I always have had this dichotomy. First off, I have moderate ADHD (don’t we all on Lemmy, ha!) And am a maximalist, meaning I like stuff. Having stuff that does something (video games, PCs, TVs, cars, motorcycles, audio gear etc) or enables me to do things (tools, climbing gear, cheese press, etc). I’m maybe a mild hoarder, but to be fair if I have something collecting dust I give it away or sell it to someone who can enjoy it. I don’t keep garbage (don’t all hoarders say this? Oh boy…)

If its not obvious, I do a ton of shit. I often look at it as, “well, life is finite so I’m going to do all I possibly can before I’m not able to/the world ends”.

The issue is twofold. One is, guilt. “Do I really need this stuff? Do I need another video game? Do I need to plan for another shed for garden items or is what i have just fine?”

Secondly, it makes it hard to relax. Sure, I can chill and sit and read and listen to music sometimes, but I’m always thinking, life is draining away, everything is getting worse and more expensive, I really should be finishing projects and getting stuff done before something bad happens"

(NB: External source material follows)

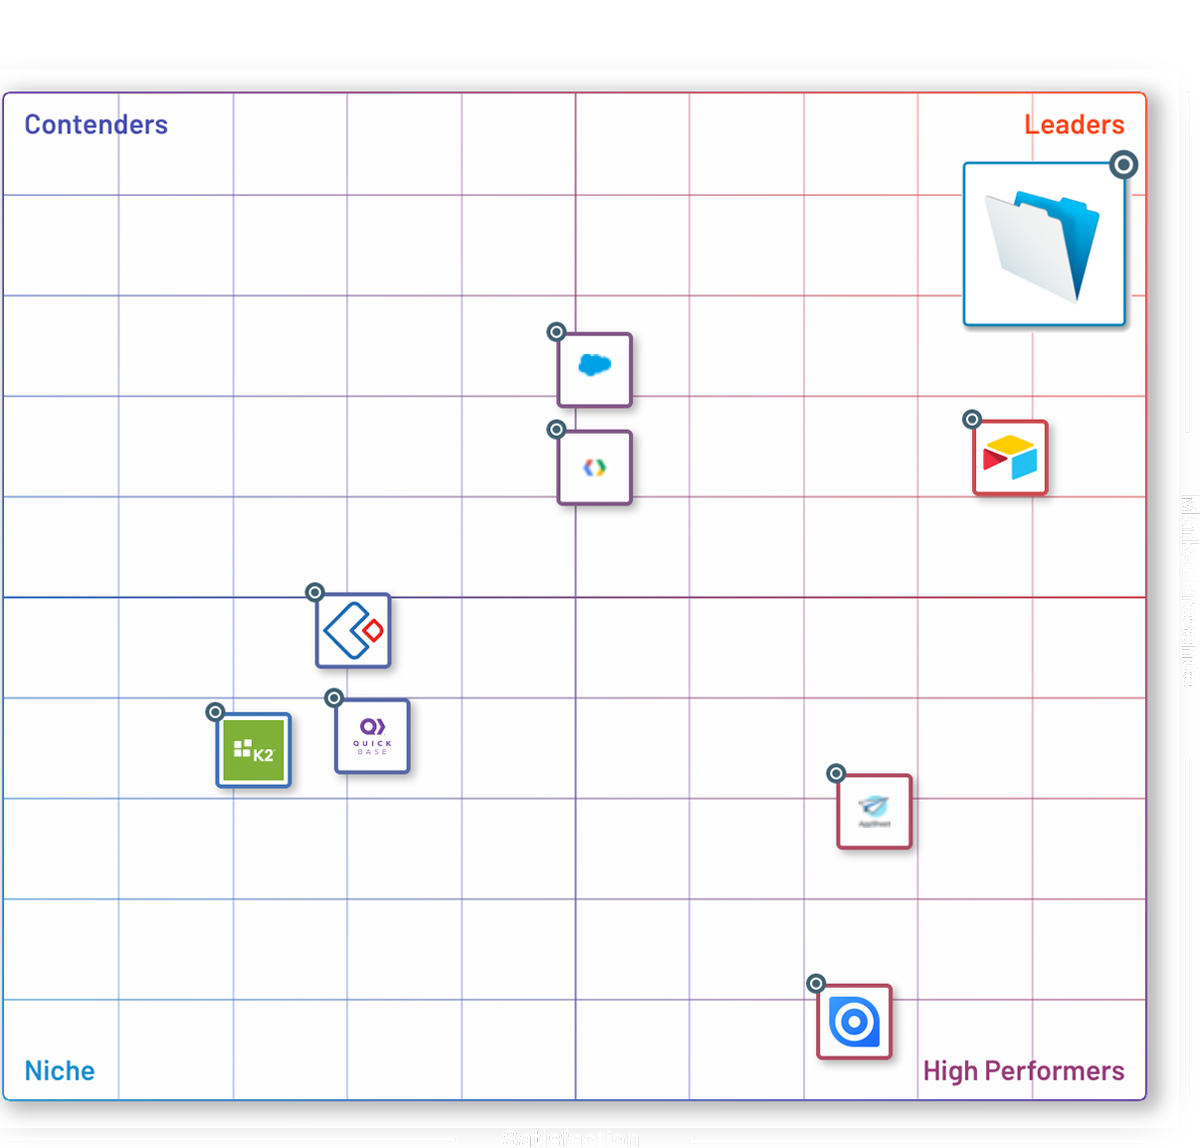 G2 Crowd Grid® for Workplace Innovation Platforms
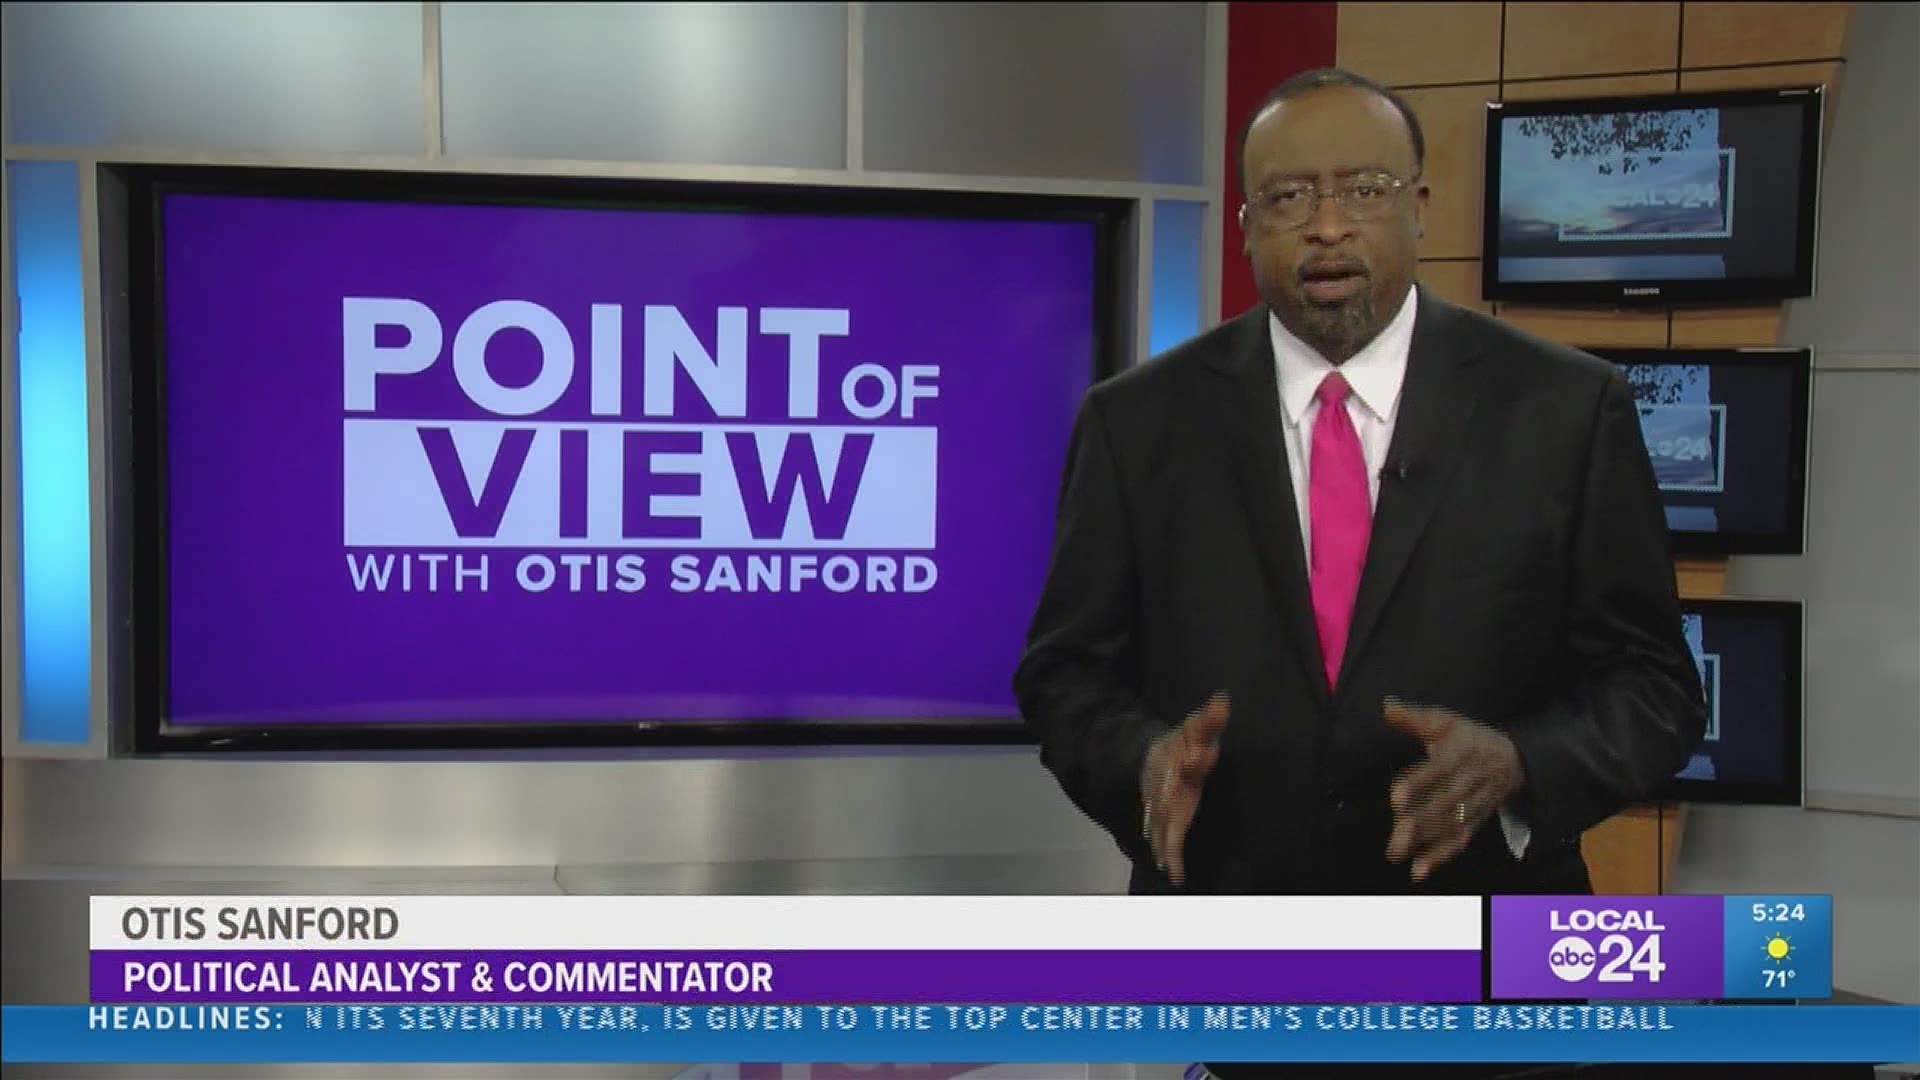 Local 24 News political analyst and commentator Otis Sanford shares his point of view on Gov. Tate Reeves’ stance early voting in Mississippi.

Then you see all those psycho linked in folk who are always talking about bettering yourself and getting up at 5 am every day to go for a run. That’s not me. But then i wonder if I’m not living up to my potential.

If this sounds like a first world problem, it is. I’m very spoiled. I work 65 hours a week but its a fine job. A little boring (maybe thats why i feel underutilized, my brain likes to go full speed) but I’m not in the mines or anything. I know MANY others have it far far worse.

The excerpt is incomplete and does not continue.